CONCLUSION AND OUTLOOK

The power of particle-based simulation to elucidate molecular processes taking place in food, from processing and storage to taste, BA, and digestion, has grown dramatically because of improvements in molecular and CG FFs, rare-event methods, mesoscale and multiscale representations, software and methods for system preparation, fast simulation engines that scale extremely well with increasing numbers of computing cores/threads, and inexpensive massively parallel computers. A highly promising development is the emerging hybrid approaches that combine physics-based multiscale materials modeling with statistical modeling (QSARs). These approaches connect advanced molecular descriptors to the functionalities and action of food constituents and thus extend the reach of the traditional schemes. In this context, the role of machine learning is pervasive, ranging from improvements in FFs to the capability to relate atomic or molecular features to physiological effects. Notwithstanding this progress, a number of challenges remain:

  • Obtaining equilibrium structures remains very challenging for large or transmembrane proteins even for NMR, X-ray, or cryo-electron microscopy.

  • Mesoscale simulations of systems in which conformational changes take place and hydrogen bonding effects are important remain difficult.

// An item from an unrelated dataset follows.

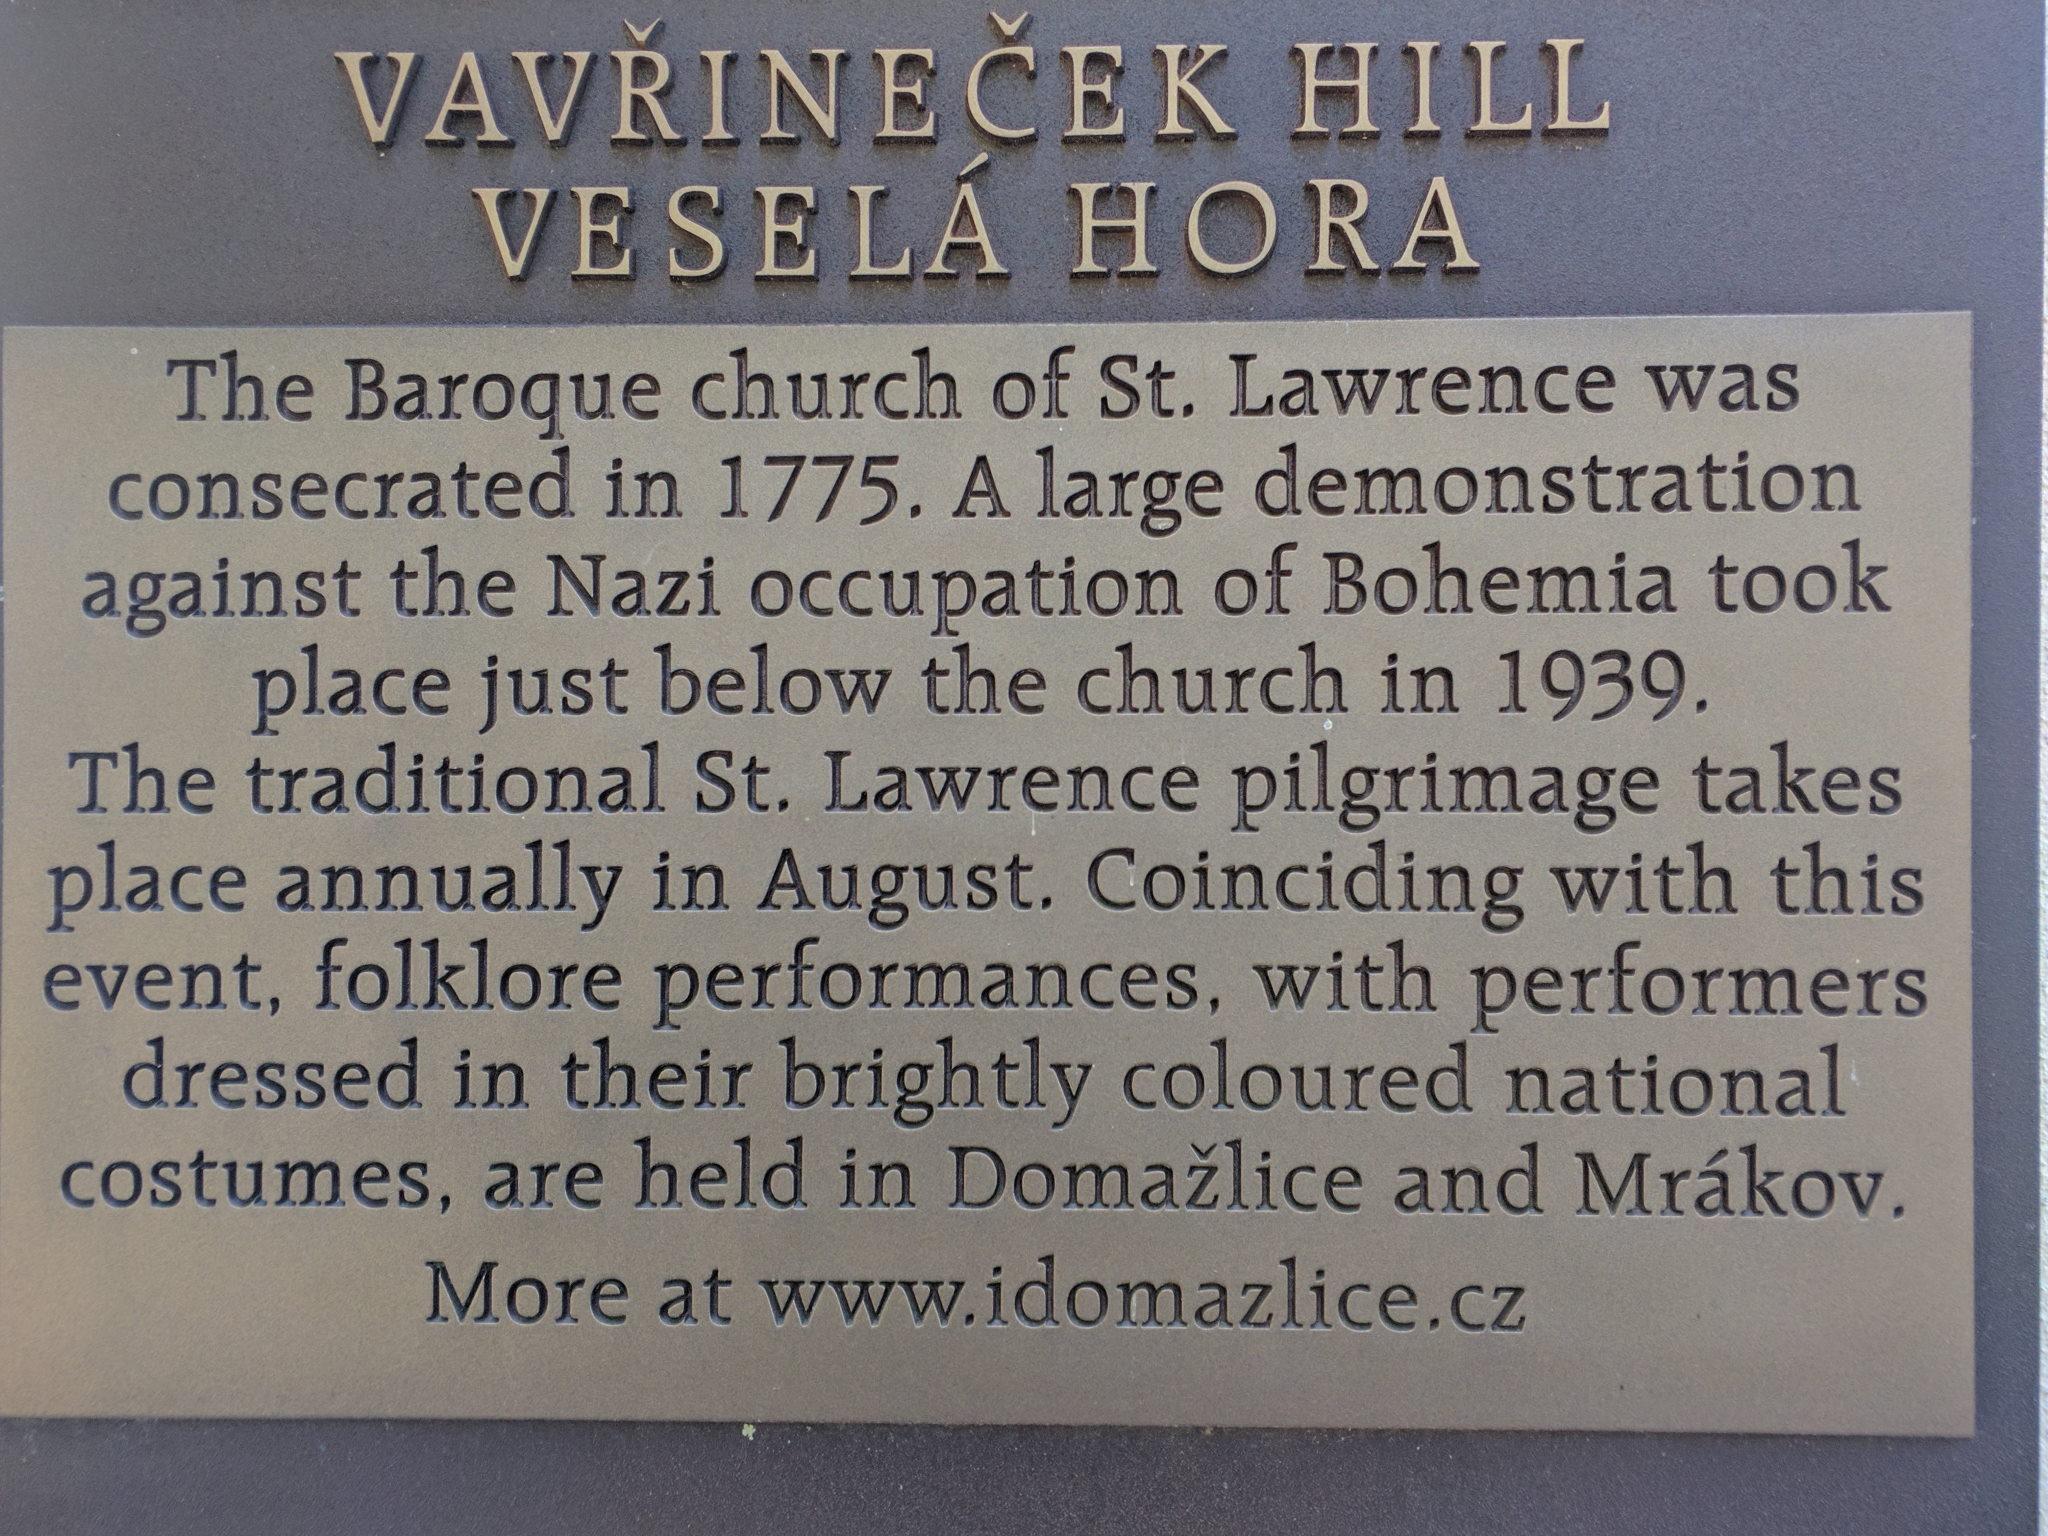 Tafel an der St.-Laurentius-Kirche

  • Simulations at constant pH are still challenging, particularly where conformational changes occur.

  • Estimating kinetic properties from simulations longer than a millisecond is still challenging, although tremendous progress has been made in the field.

  • Simulations of systems far from equilibrium (e.g., systems subject to flow) are difficult to justify theoretically yet important for processing.

  • Simulating quantum effects for large biosystems relevant to food science (involving hundreds of AAs) remains a major challenge.

  • Organic–inorganic interactions (e.g., protein–metal) are difficult when good FFs are not available.

  • Machine learning applications in soft matter are in their infancy, and more work is needed, including systematic dimensionality reduction, a problem shared with order parameters and rare-event methods.

  • Simulation is very powerful when combined with sophisticated sampling methods, but these are still very much the domain of experts, and much needs to be done to make them accessible to nonexperts.

ACKNOWLEDGMENTS

The work of D.M. is supported by the European Union through the E-CAM Centre of Excellence grant (number 676531). F.L.B.d.S. is thankful for the support from FAPESP (2015/16116–3; 2019/06139–7) and CNPq (310791/2017–0). P.C. thanks all his collaborators in his long-standing projects focusing on GPCRs, too many to be mentioned here, as well as the Ernesto Illy Foundation and the RTG MultiSense-MultiScales from the German National Science Foundation for funding. The work of V.L. is supported by the European Union Horizon 2020 program through the projects SmartNanoTox (grant number 686098) and NanoSolveIT (grant number 814572), and by Science Foundation Ireland through the Bio-Interface project (grant number 16/IA/4506).

Footnotes

DISCLOSURE STATEMENT

The authors are not aware of any affiliations, memberships, funding, or financial holdings that might be perceived as affecting the objectivity of this review.